# full race, what's the deal



## jeffinbham (Nov 1, 2003)

i always hear people talking about full race turbo kits. is it just for honda? is it worth a shit? i am pretty well versed in sr20 performance, but i just keep seeing these full race kits, and was wondering what it is. is it a brand name? someone please enlighten me. i saw this guy on my local site selling his stuff, looks like quality stuff, but i think its for a k20. http://forums.bhamracing.com/showthread.php?t=19111


----------



## psuLemon (Apr 23, 2003)

i would gander to say its a bigger turbo setup to produce more power and build for cars with fully build motors.. since it can't login in, i couldn't tell you for sure


----------



## Marblecake (Jun 19, 2004)

Well what are the parts to this kit. Most of the time full race means for off road use. Seeing how it is not carb approved.


----------



## se-r-57 (May 1, 2002)

Looky what I found http://www.full-race.com/


----------



## wes (Apr 30, 2002)

HAHA do a search on this forum.... Javier from this forum works there and there are a TON of pics. and other info. about their product. Yes they make SR20 stuff..


----------



## NotAnotherHonda (Aug 7, 2003)

full-race makes some of the best products in the business. the manifolds are unbeatable from what i hear


----------



## javierb14 (Jul 9, 2002)

thanks for the compliments everyone :cheers:

Full-Race is a engineering and manufacturing firm. Our main products include turbo kits, turbo manifolds, engine components, suspension components, and chassis design.
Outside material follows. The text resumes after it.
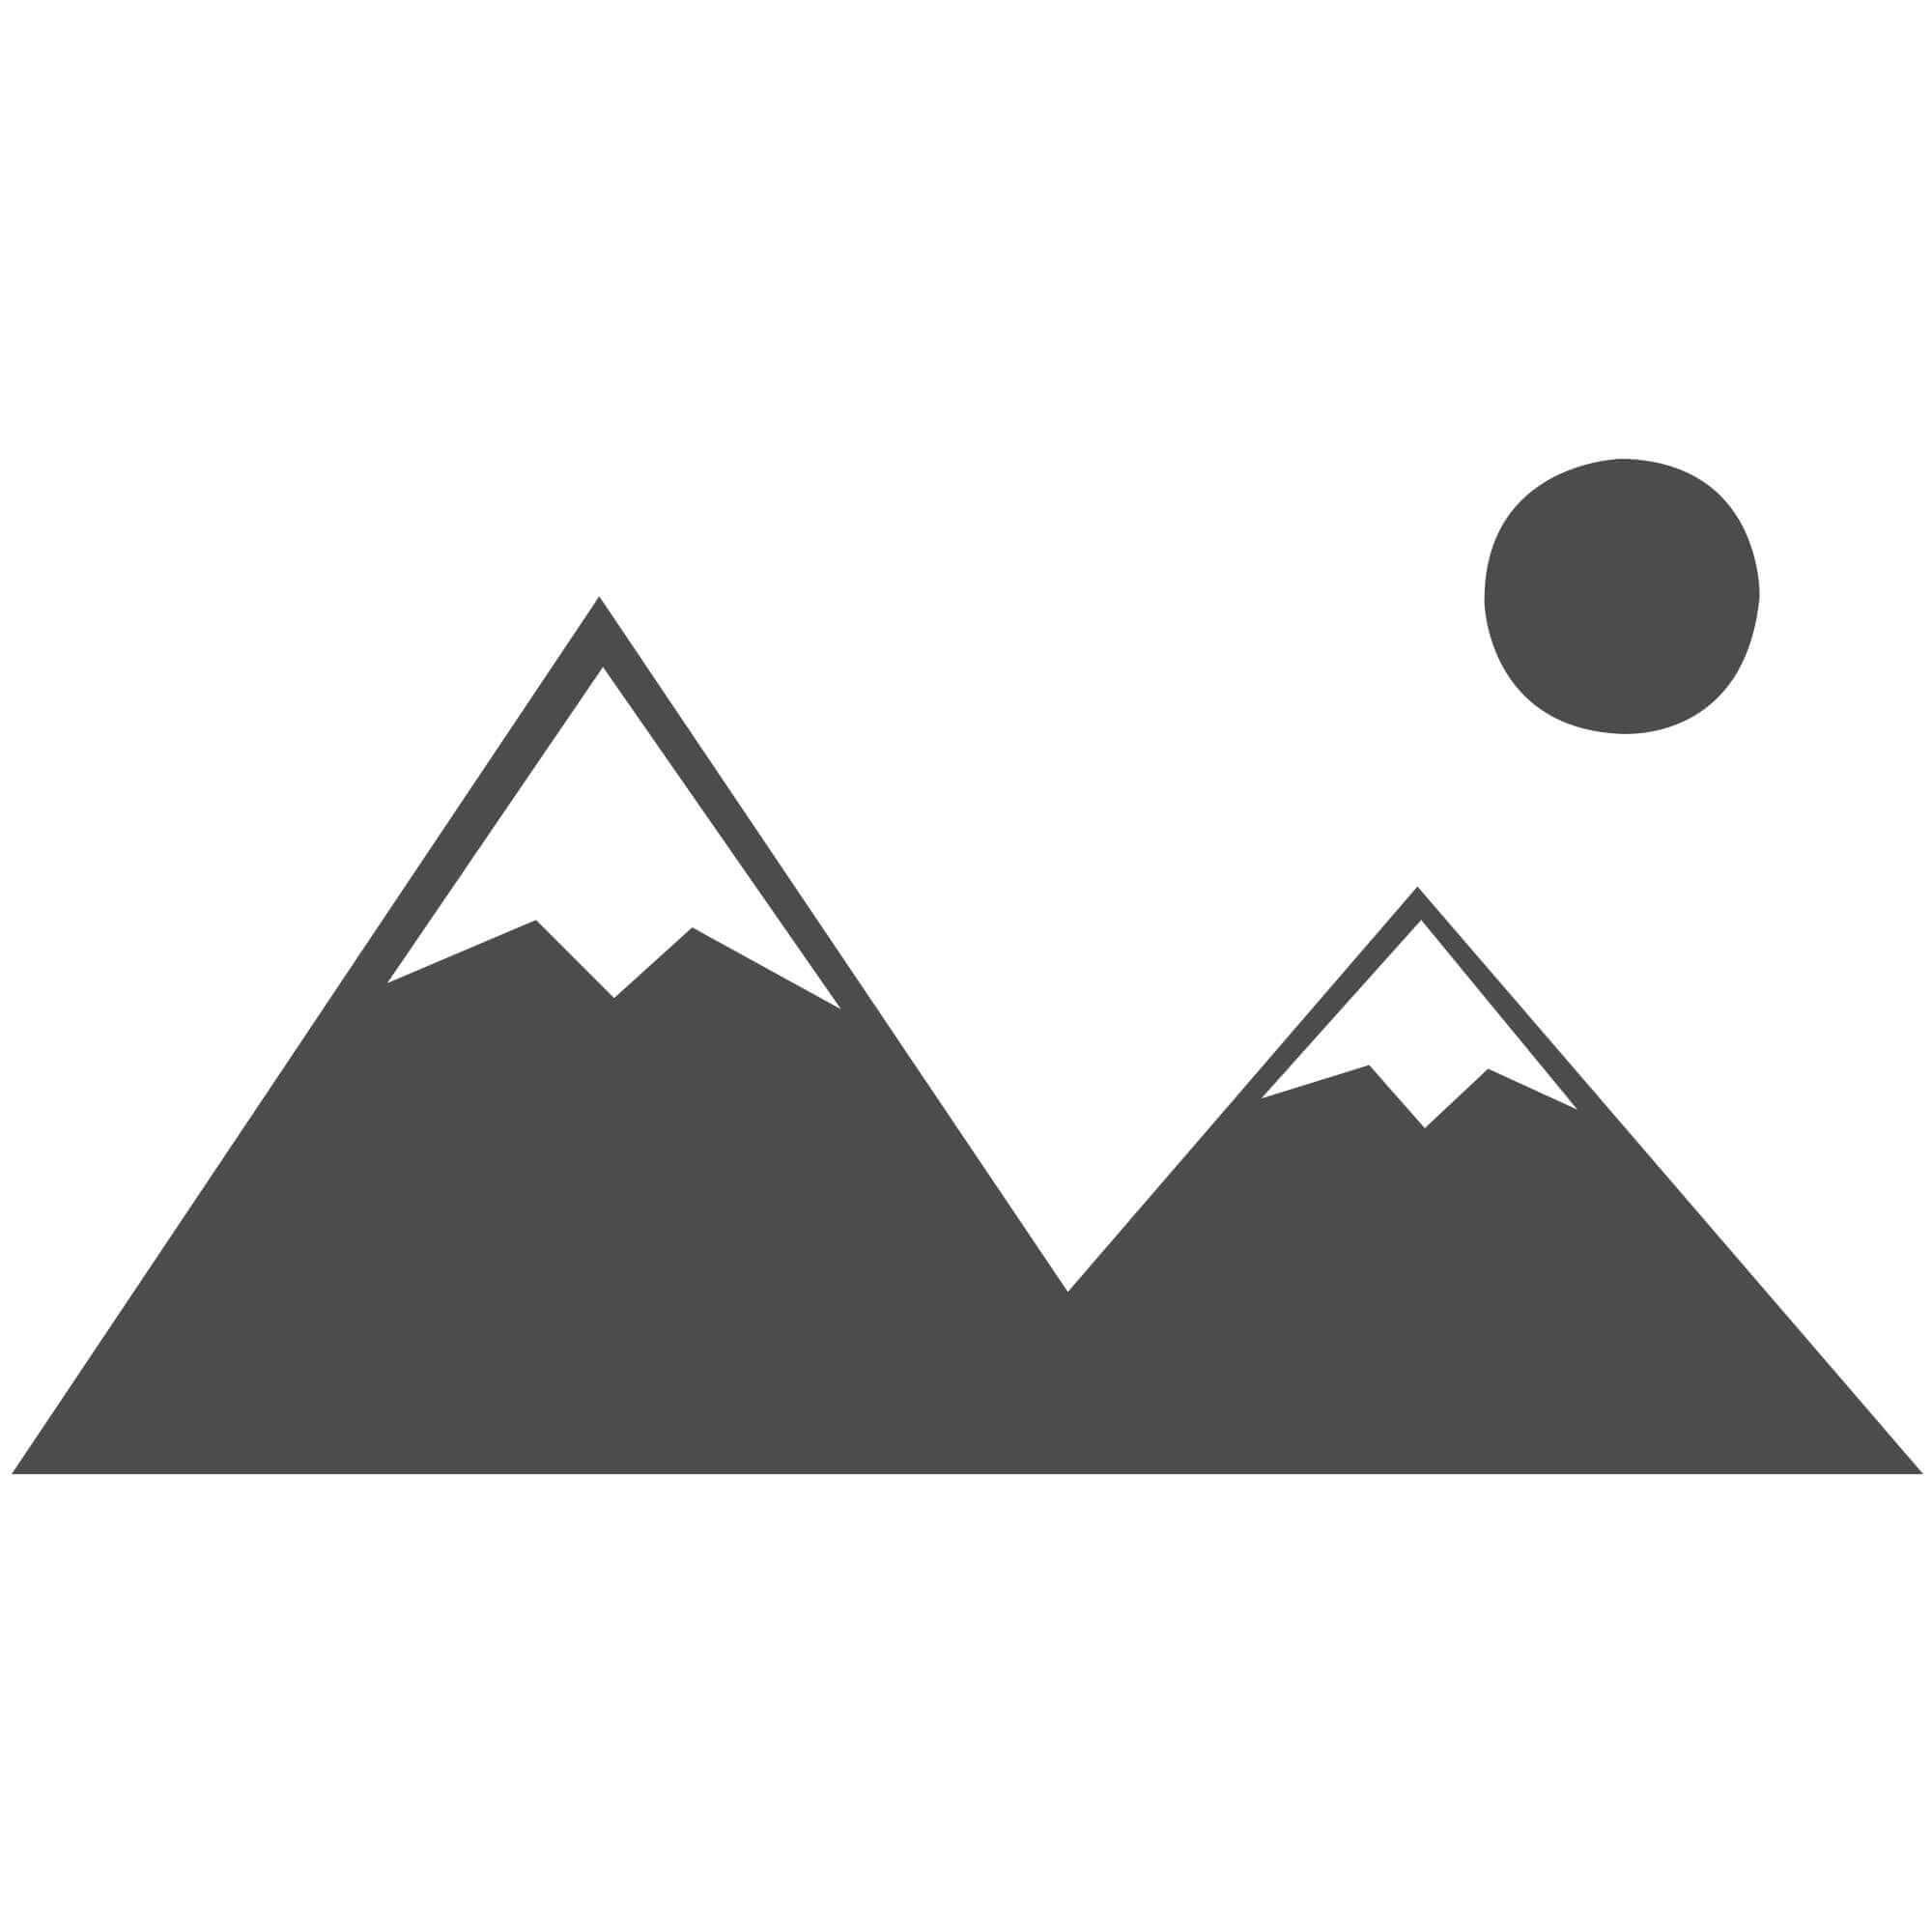 TREND CSB/CC26024 Craft saw blade crosscut 260mm x 24 teeth x 30mm

We can design and build anything though 

here are a few of our latest projects 

new manifolds for the supra and solara driven by Paul and Krytos Efantis









7.90 street legal DOT tired supra 









GT40R MR2 kit

















some chassis work

















if you have any more questions, feel free to ask.


----------



## Def_Jammer (Sep 16, 2004)

do you make turbo manifolds for the KA???


----------



## javierb14 (Jul 9, 2002)

Def_Jammer said:


> do you make turbo manifolds for the KA???


sure do


----------



## BII (May 13, 2004)

The web site doesn't seem to load. I'm interested in your wares though.


----------